** SOURCE DATA **
*** Block opens ***
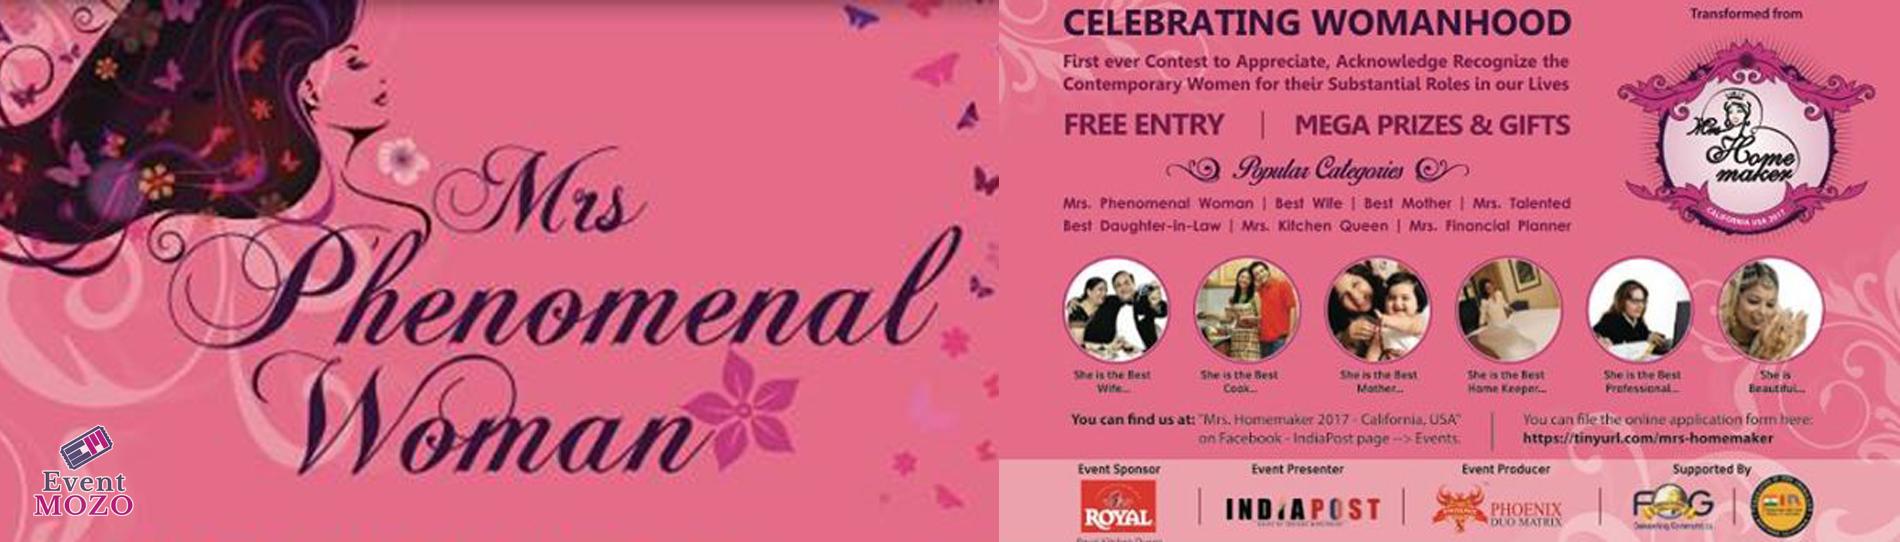 EventMozo Mrs. Phenomenal 2017 - Free Entry
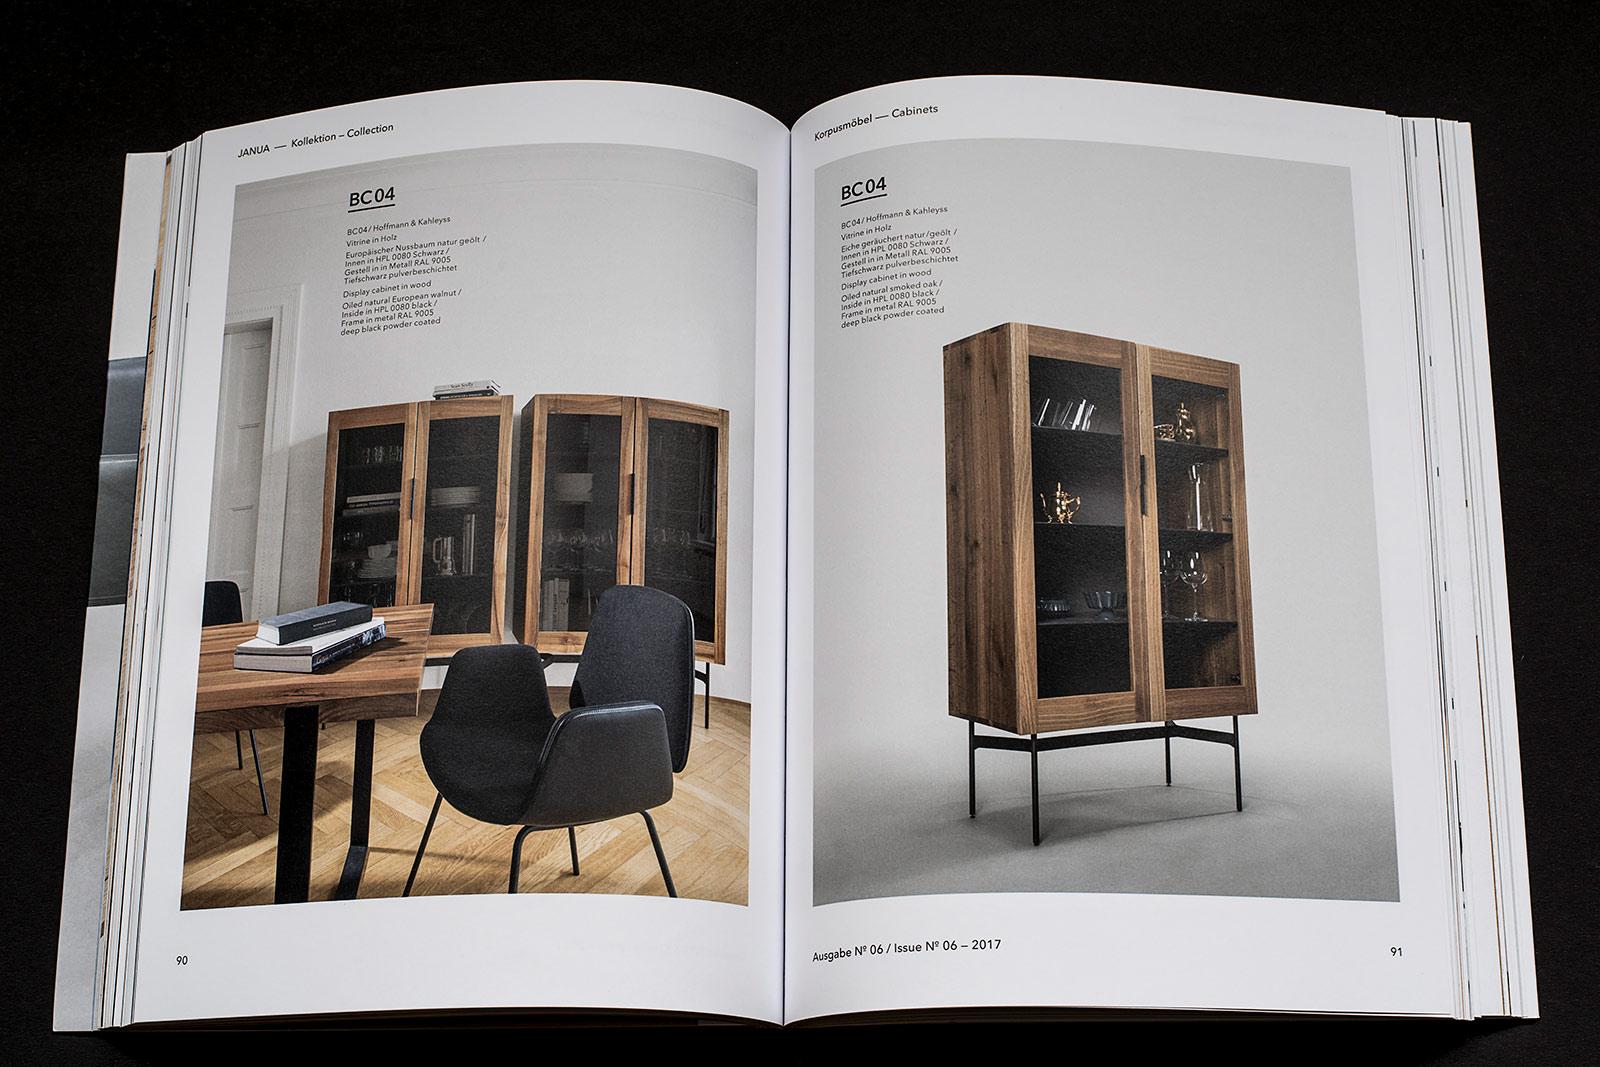 Katalog, Milieu Fotograf, Produktfotografie
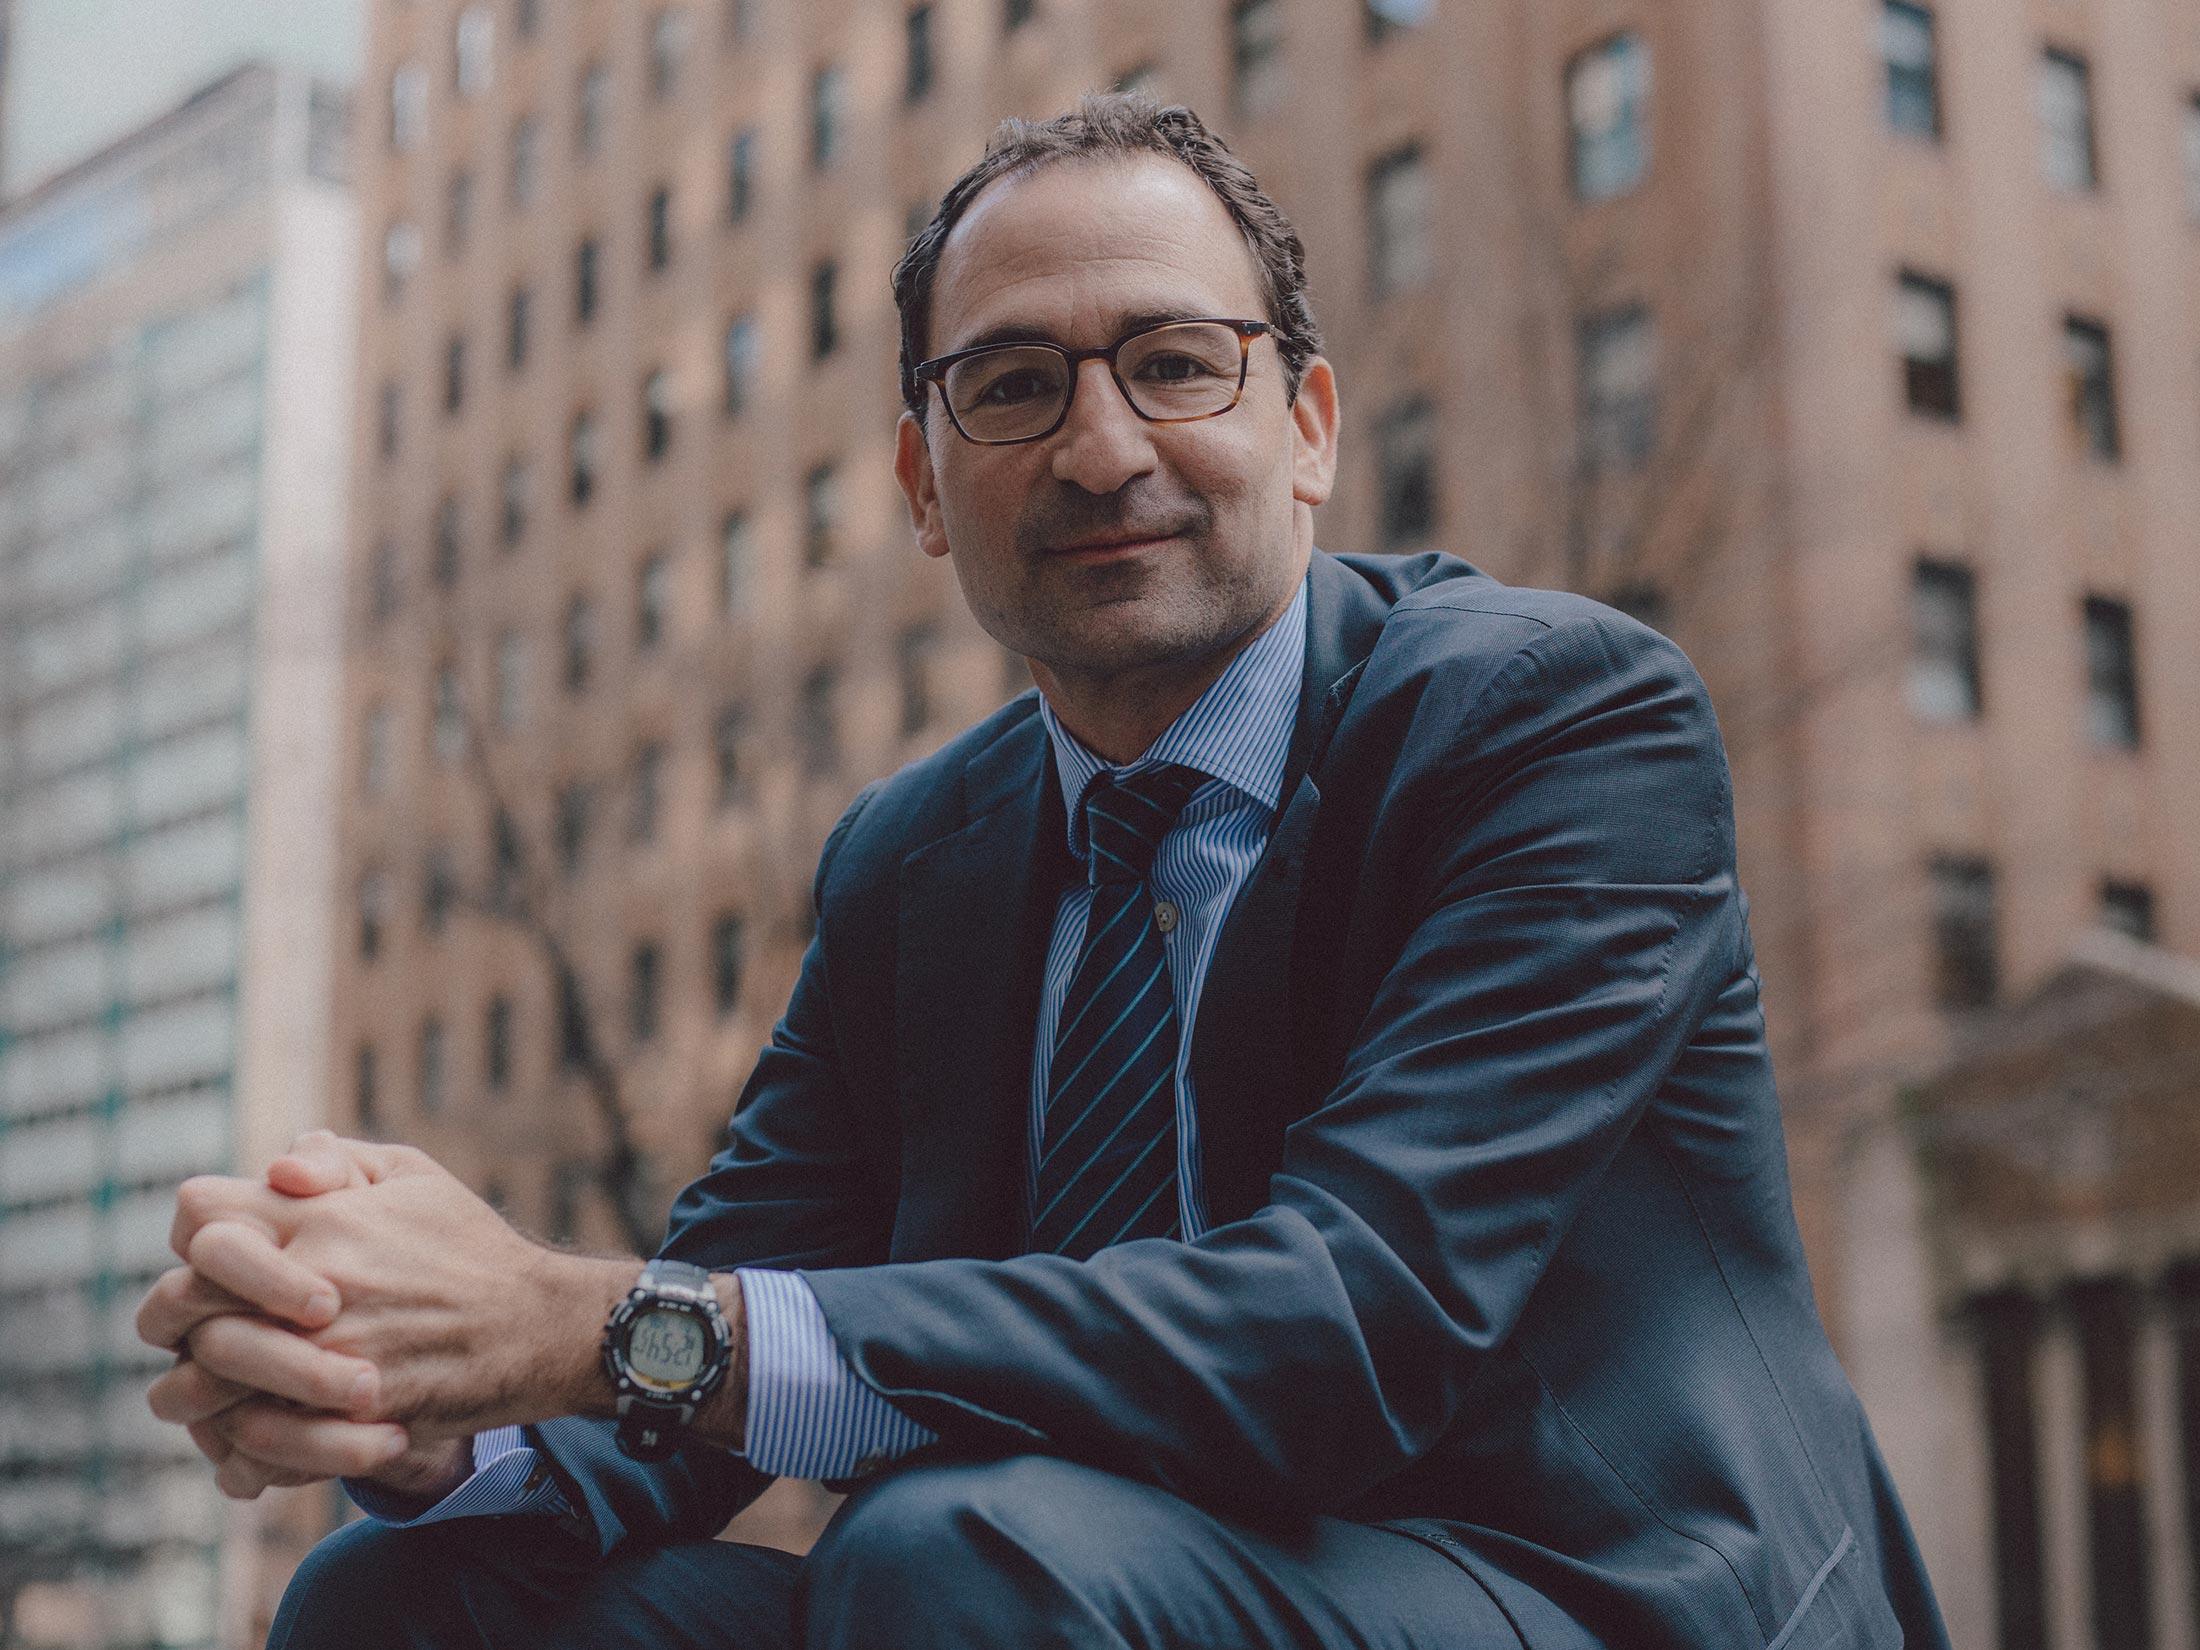 bloomberg.com - Jason Kelly - Blackstone President and COO Jonathan Gray Sees Volatility Ahead
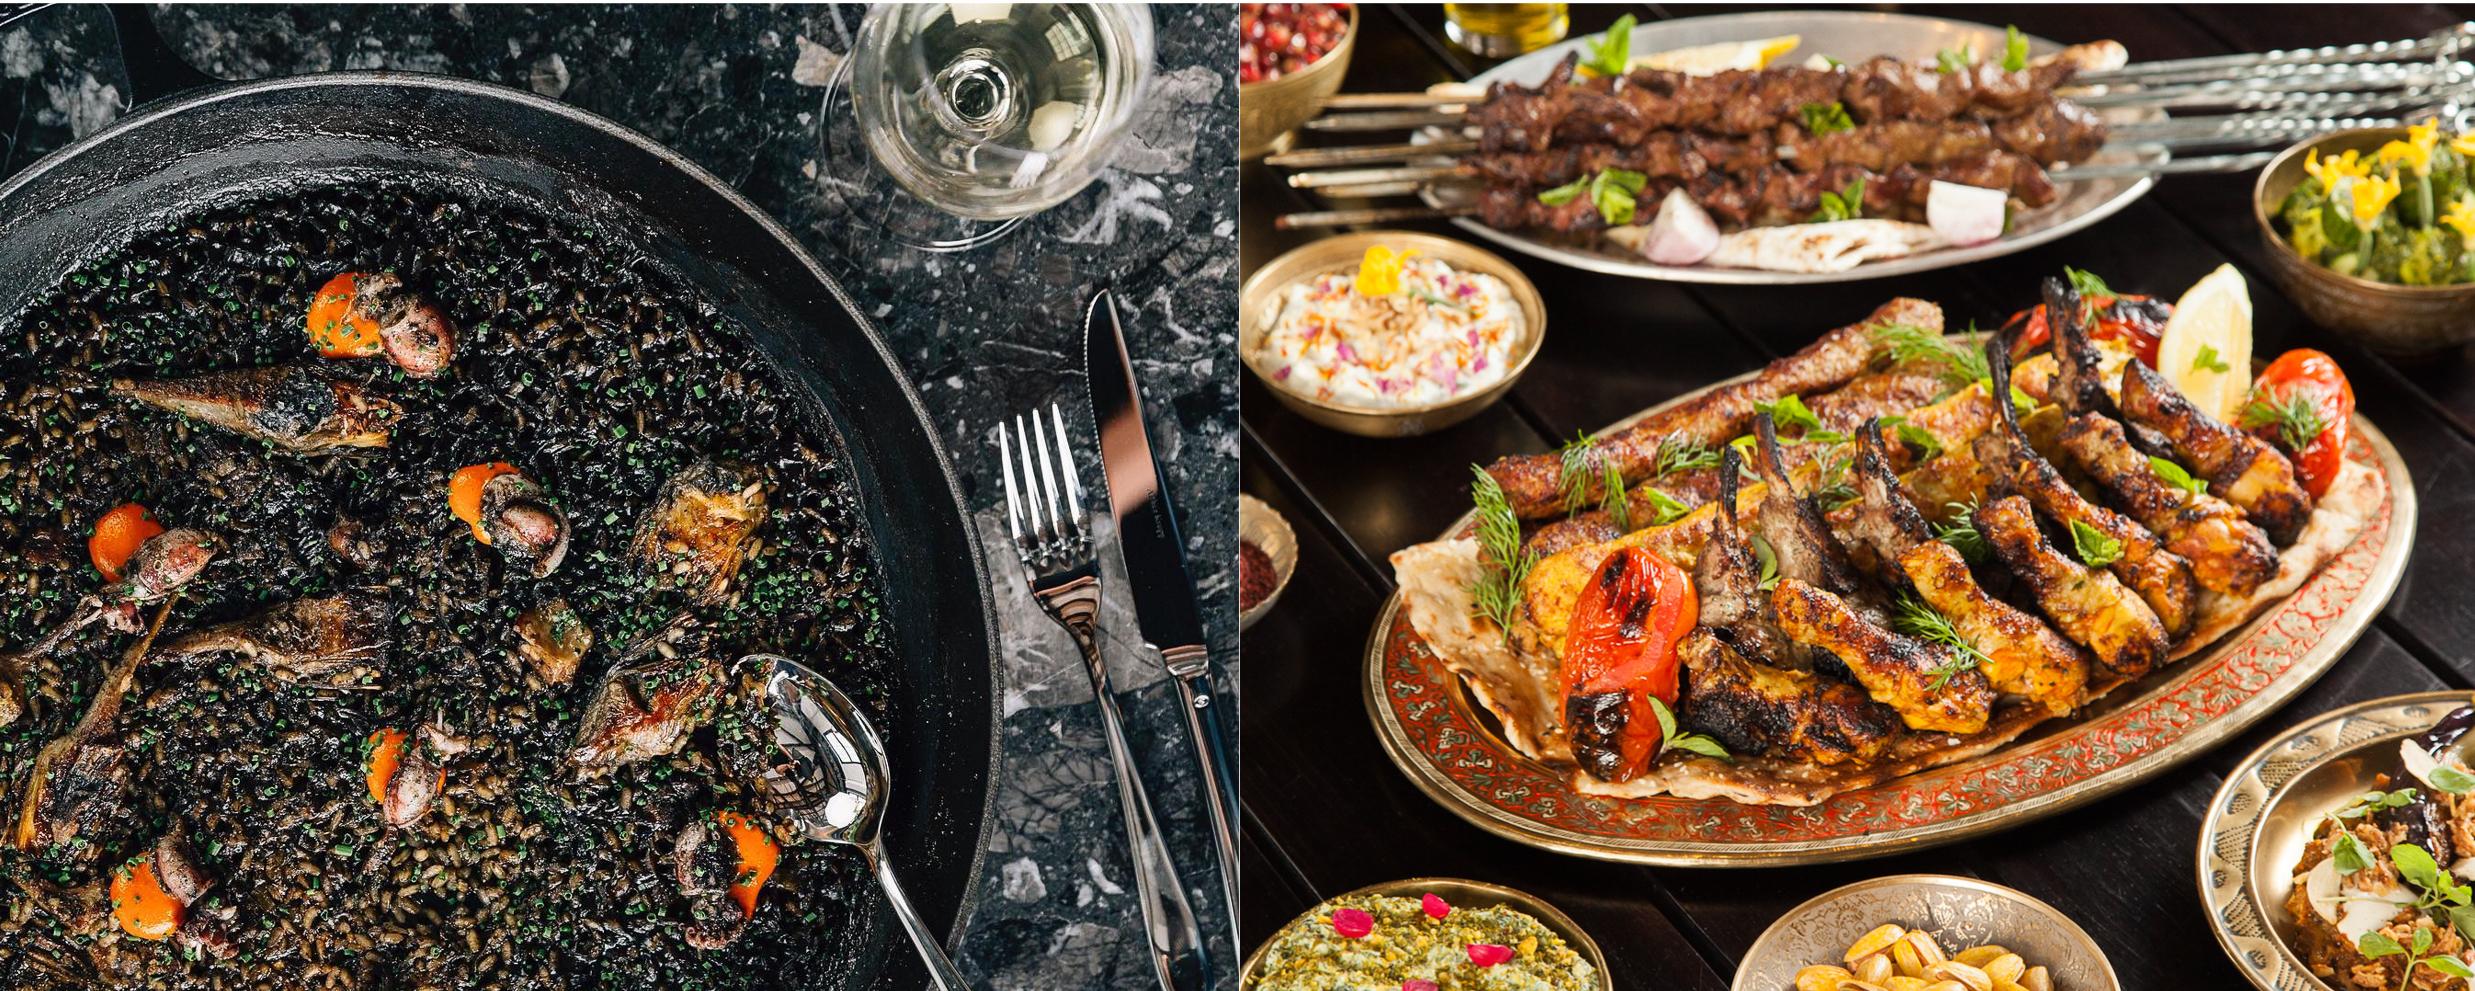 Coal Drops Yard King's Cross restaurant Barrafina and Soho restaurant Berenjak from JKS Restaurants did battle on London restaurant Instagram with Michelin star restaurant Bibendum
*** Block closes ***
** THE TASK **
Print out all the material word for word but exclude any images.

** TASK OUTPUT **
 EventMozo Mrs. Phenomenal 2017 - Free Entry
 Katalog, Milieu Fotograf, Produktfotografie
 bloomberg.com - Jason Kelly - Blackstone President and COO Jonathan Gray Sees Volatility Ahead
 Coal Drops Yard King's Cross restaurant Barrafina and Soho restaurant Berenjak from JKS Restaurants did battle on London restaurant Instagram with Michelin star restaurant Bibendum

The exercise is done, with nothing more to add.